Furthermore, both restricted and dilated cavities, insufficient valves and tracts are easily seen. The general flow pattern and the total overview of the heart add to the general understanding of cardiac performance.
A good and detailed textbook was published by Manning and Pennell in 2010 [⇒ Manning 2010]; helpful clinical guidelines are given by a team of several cardiac imaging societies [⇒ Kramer 2013].
Both first-pass contrast uptake and late-enhancement imaging are gaining ground in cardiac diagnostic imaging. These kinds of contrast studies are used to evaluate cardiac perfusion and perfusion reserve and to qualify the possible viability of cardiac tissue.

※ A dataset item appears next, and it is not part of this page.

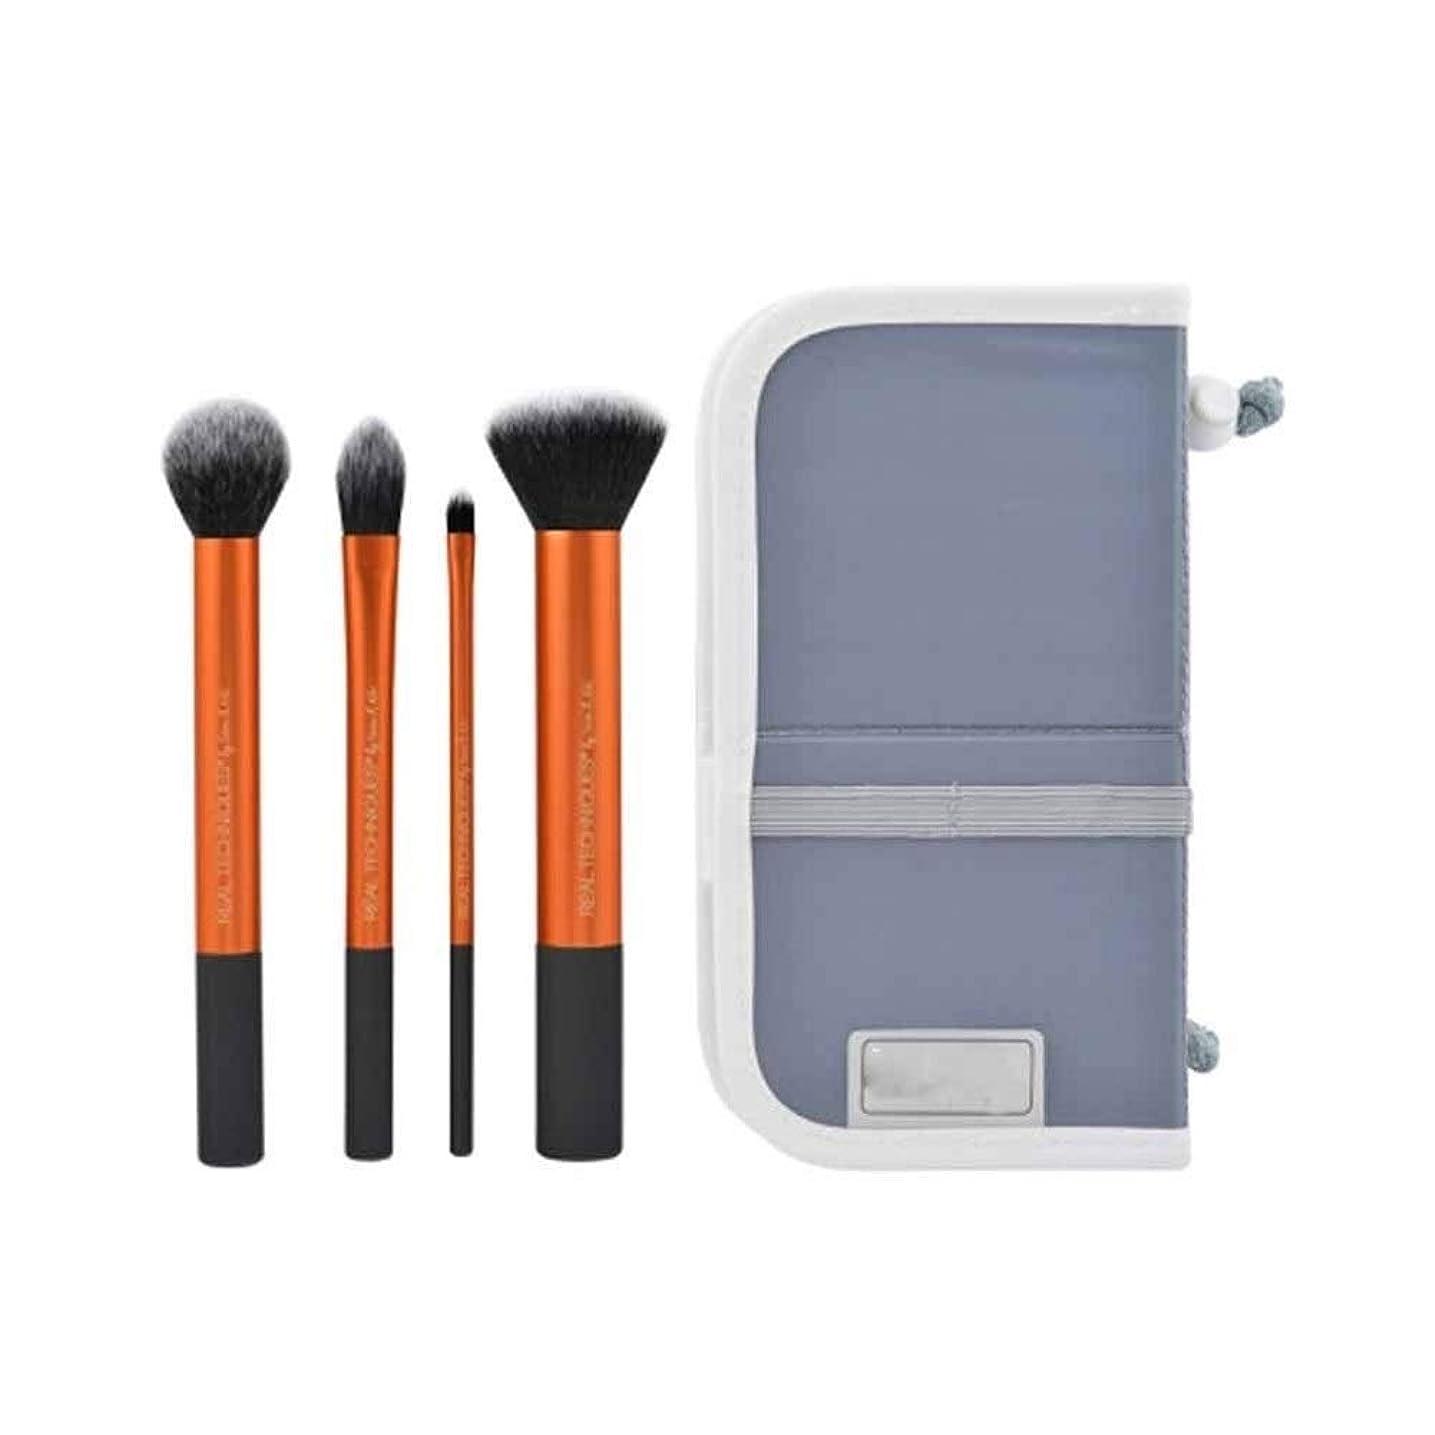 記念品究極の聴衆TUOFL メイクブラシ、メイクメイクブラシセット、輪郭ブラシリップブラシ、散布ブラシ、チークブラシ、4点セット、簡単に運ぶために (Color : Orange)

Coronary artery imaging is also progressing using multiple different 2D- and 3D-imaging sequences (RSE, rapid GRE, SE-EPI, rapid GRE-EPI).
The resolution reached has been good enough to persistently describe 7-10 cm of the main coronary arteries (RAD, LAD, and circumflex), but not the collaterals. This resolution is sufficient to evaluate the patency of grafts and MR coronary artery imaging can be used in patients with severe anaphylactic reactions to contrast media, but it is still not a sufficiently robust screening tool (Figure 14-26).
Cardiac MR imaging is considered the method-of-choice for examinations of congenital heart disease, acquired diseases of the great vessels and tumors infiltrating or close to the heart and valuable in a number of other clinical areas such as cardiomyopathies, pericardial diseases and post-transplantation examinations.
Figure 14-26:
Depiction of the coronary arteries without contrast agent application by spiral 3D rapid gradient-echo using navigator techniques and diastolic gating.